Aiman Ismail

node_cpu_seconds_total: The Infamous Cardinality Killer

This is a note — quick thoughts, possibly AI-assisted. Not a fully fleshed article.

prometheusmetricscardinalitygrafanaobservability

Problem

node_cpu_seconds_total cardinality = nodes x cpu_cores x cpu_modes

  • 8 standard CPU modes: user, system, idle, iowait, nice, irq, softirq, steal
  • 100 nodes x 128 cores x 8 modes = 102,400 series from a single metric
  • Most Prometheus backends charge/resource-plan based on active series count

Fix: Drop the cpu Label

Almost no dashboard uses per-core breakdown — they all sum by (instance) anyway. Dropping the cpu label collapses to one series per node per mode.

Prometheus scrape_configs

scrape_configs:
  - job_name: node-exporter
    metric_relabel_configs:
      - action: labeldrop
        regex: 'cpu'

Grafana Alloy

prometheus.relabel "node_exporter" {
  forward_to = [prometheus.remote_write.default.receiver]

  rule {
    action = "labeldrop"
    regex  = "cpu"
  }
}

Scoping warning

If you have a shared relabel pipeline processing multiple sources (e.g., cAdvisor, DCGM exporter), scope the labeldrop to node_exporter only. cAdvisor uses a cpu label on container_cpu_* metrics too.

Impact

Scenario Before After Reduction
100 nodes x 64 cores x 8 modes 51,200 800 98.4%
100 nodes x 128 cores x 8 modes 102,400 800 99.2%

After: nodes x cpu_modes = 100 x 8 = 800 series.

Dashboard Query Update

Before (relies on cpu label to count cores):

sum by (instance) (irate(node_cpu_seconds_total{mode!="idle"}[$__rate_interval]))
/ scalar(count(count(node_cpu_seconds_total) by (cpu)))

After (works without cpu label):

1 - (
  sum by (instance) (irate(node_cpu_seconds_total{mode="idle"}[$__rate_interval]))
  /
  sum by (instance) (irate(node_cpu_seconds_total[$__rate_interval]))
)

Safe to update dashboards before rolling out the labeldrop.

Bonus: Drop Unused CPU Modes

Most dashboards only need user, system, idle, iowait. Drop the rest for another ~50% reduction:

metric_relabel_configs:
  - source_labels: [__name__, mode]
    regex: 'node_cpu_seconds_total;(steal|nice|softirq|irq)'
    action: drop

Takes 800 series down to ~400.

Follow-up: labeldrop Doesn't Reduce Samples — It Breaks DPM Billing

Learned this the hard way. Dropping the cpu label reduced series count (cardinality) but tripled the Grafana Cloud bill.

Why: Grafana Cloud's usage-based tier charges per samples ingested (DPM — data points per minute), not per series count. When you labeldrop the cpu label, 128 samples per scrape that previously had distinct label sets now all share the same label set.

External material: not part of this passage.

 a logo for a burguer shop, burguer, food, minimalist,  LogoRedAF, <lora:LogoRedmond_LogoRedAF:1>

They still get scraped and forwarded individually. One "series" now receives 128 samples per scrape interval instead of 1.

  • Before: 128 series × 1 sample each per scrape = 128 DPM per (instance, mode)
  • After labeldrop: 1 series × 128 samples per scrape = 128 DPM per (instance, mode)

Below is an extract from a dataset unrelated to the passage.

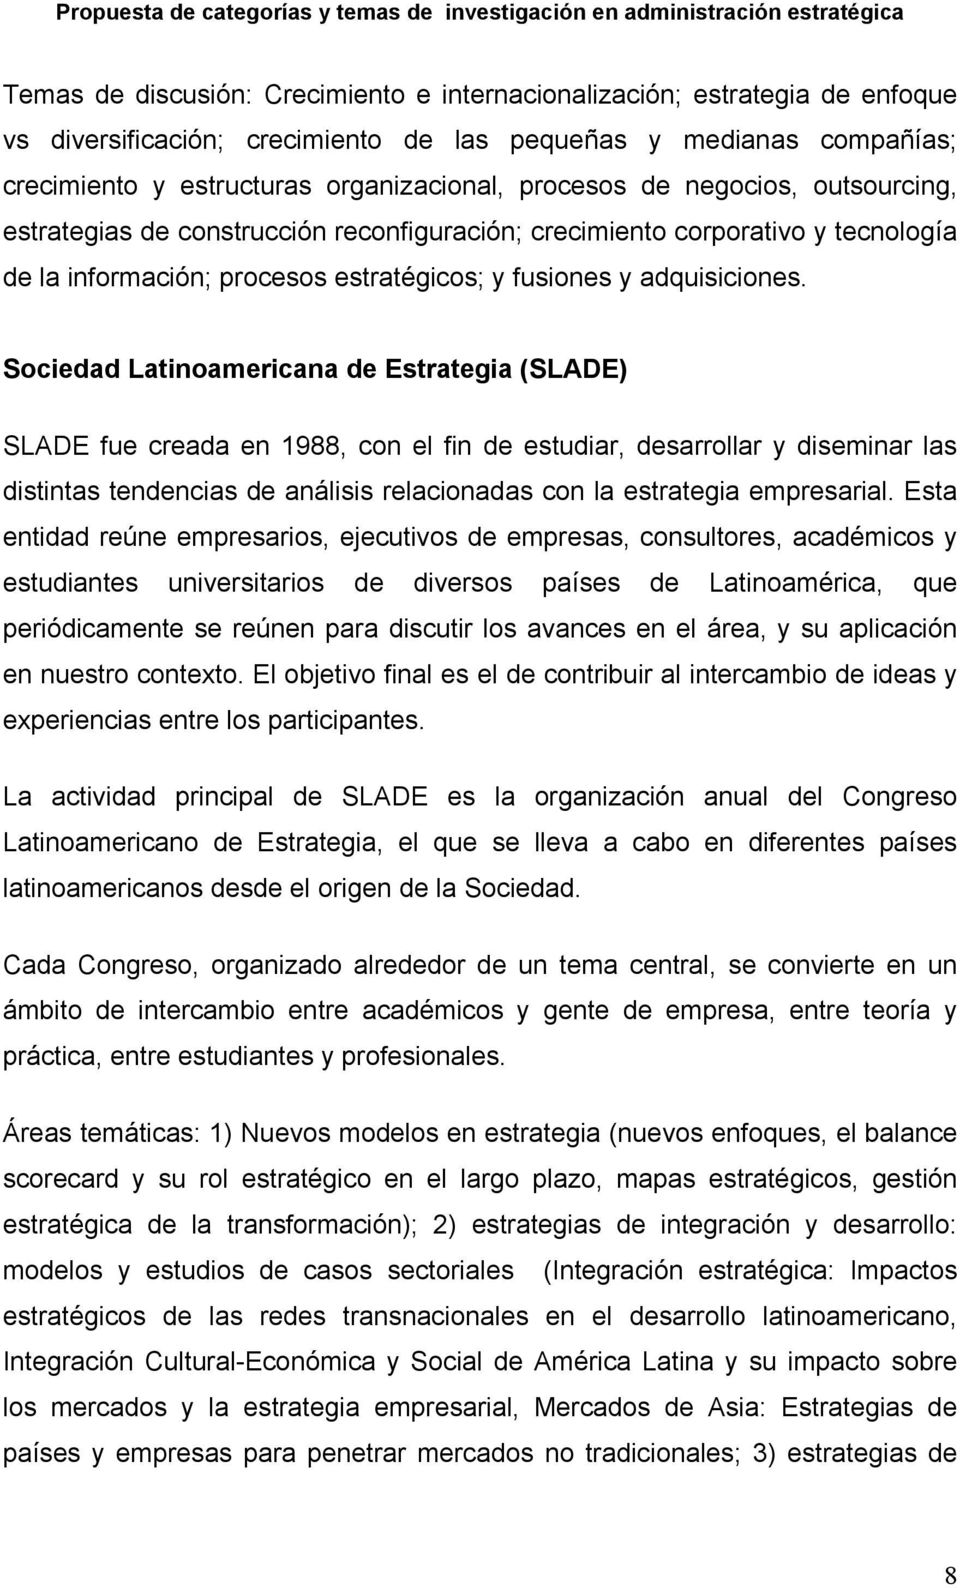 Sociedad Latinoamericana de Estrategia (SLADE) SLADE fue creada en 1988, con el fin de estudiar, desarrollar y diseminar las distintas tendencias de análisis relacionadas con la estrategia

Cardinality goes down, DPM stays the same. If your vendor bills on DPM, you get nothing.

The actual fix: pre-aggregate with a recording rule before remote_write.

groups:
  - name: node_cpu_agg
    rules:
      - record: node_cpu_seconds_total:by_mode
        expr: sum without (cpu) (node_cpu_seconds_total)

Prometheus evaluates this locally and only remote-writes the aggregated series — one sample per (instance, mode) per scrape interval. DPM drops proportionally to core count.

Catch: Grafana Alloy doesn't support recording rules. If your pipeline is Alloy → Grafana Cloud, you can't pre-aggregate this way. Your options are:

  1. Grafana Cloud Adaptive Metrics — detects unused label dimensions and aggregates them server-side. But you still pay full ingest cost for the raw samples that already came in; it only reduces the active series charge, not ingestion.
  2. Run a self-managed Prometheus in front of Alloy — let it evaluate recording rules, then remote-write the aggregated output to Grafana Cloud. Adds operational overhead.

TL;DR: labeldrop is a cardinality fix. For DPM-based billing you need pre-aggregation via recording rules — but if you're on Alloy you can't do that locally, and Grafana Cloud's Adaptive Metrics solves the active series problem but trades it for an ingest cost that it doesn't fully eliminate.